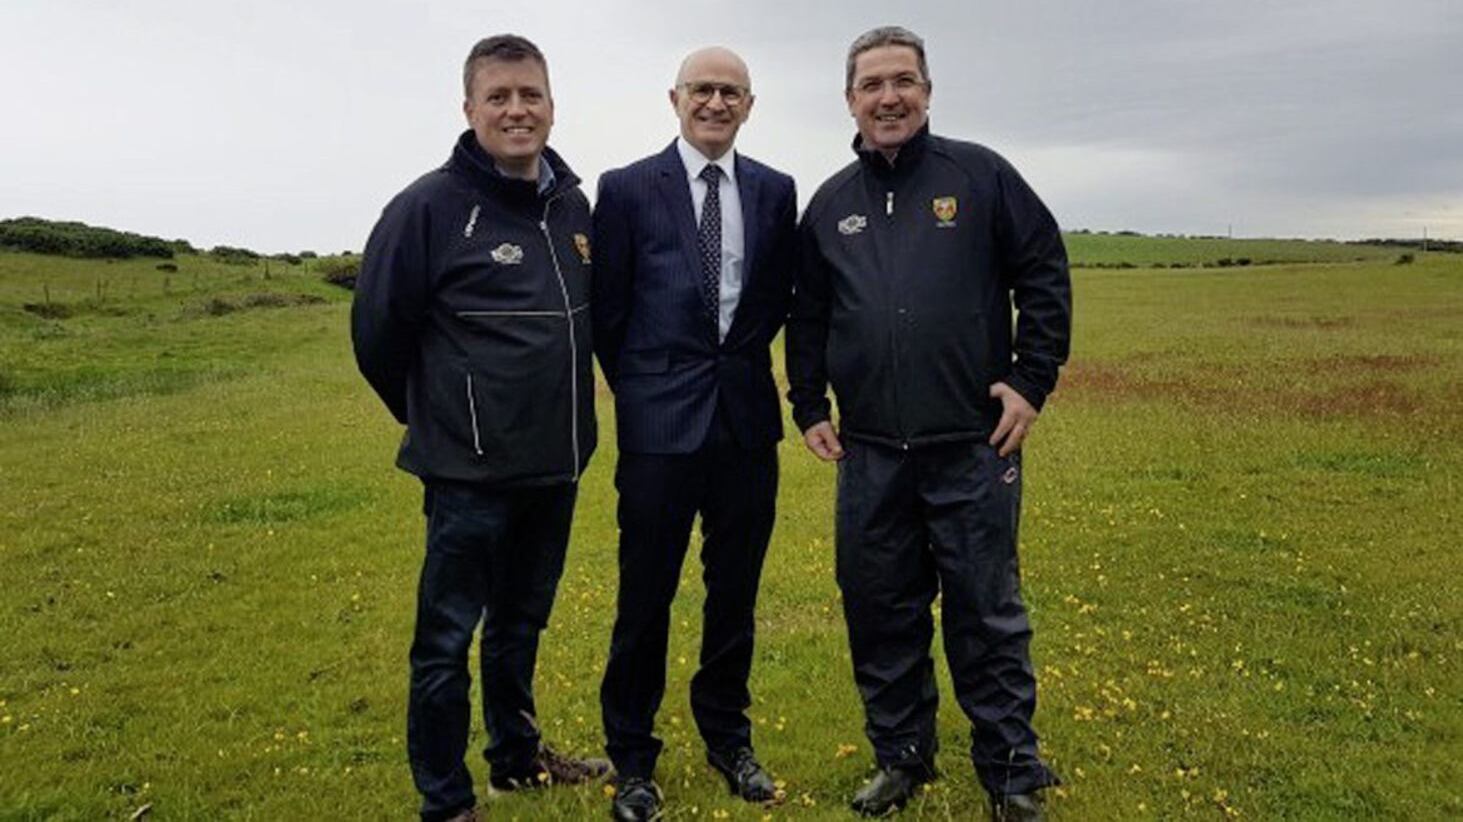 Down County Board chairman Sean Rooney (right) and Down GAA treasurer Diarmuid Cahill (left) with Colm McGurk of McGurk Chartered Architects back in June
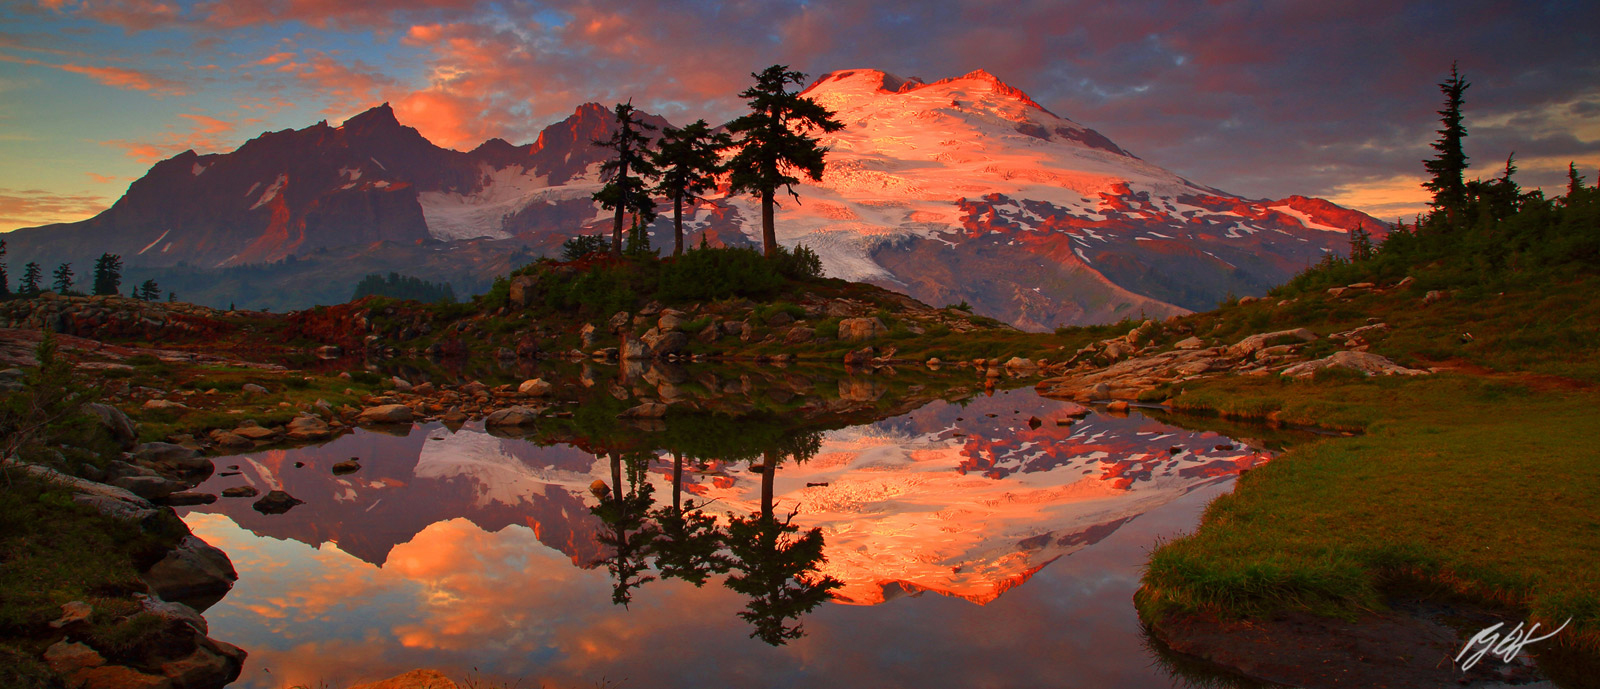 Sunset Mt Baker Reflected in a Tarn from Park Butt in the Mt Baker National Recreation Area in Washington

==

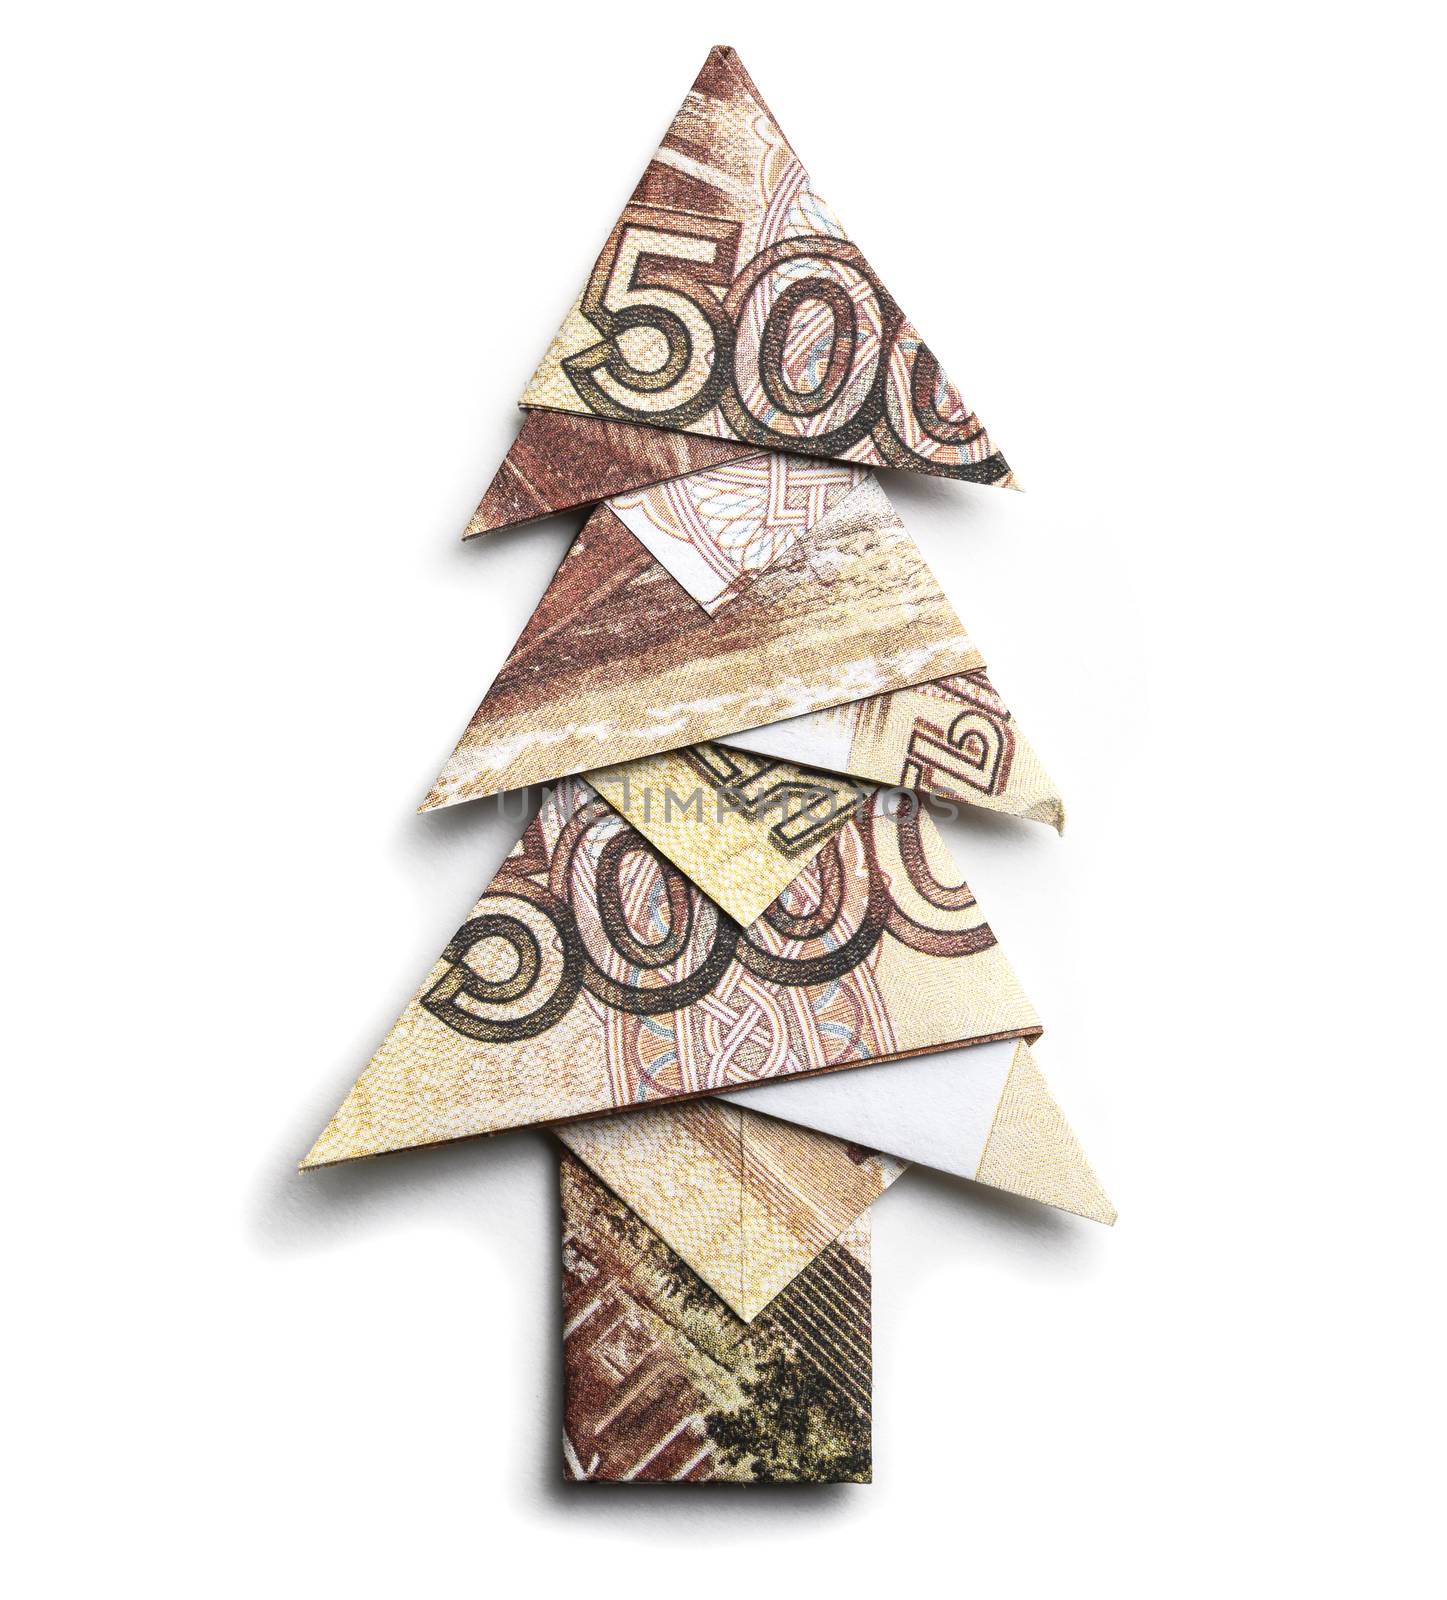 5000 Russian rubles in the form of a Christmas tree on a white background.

TASK STATEMENT: Restate word for word the lines of the data above that begin at the line with "Down County Board" and end at the line with "Sunset Mt Baker", keeping both ends and dropping every picture.

OUTPUT FOR THIS TASK:
 Down County Board chairman Sean Rooney (right) and Down GAA treasurer Diarmuid Cahill (left) with Colm McGurk of McGurk Chartered Architects back in June
 Sunset Mt Baker Reflected in a Tarn from Park Butt in the Mt Baker National Recreation Area in Washington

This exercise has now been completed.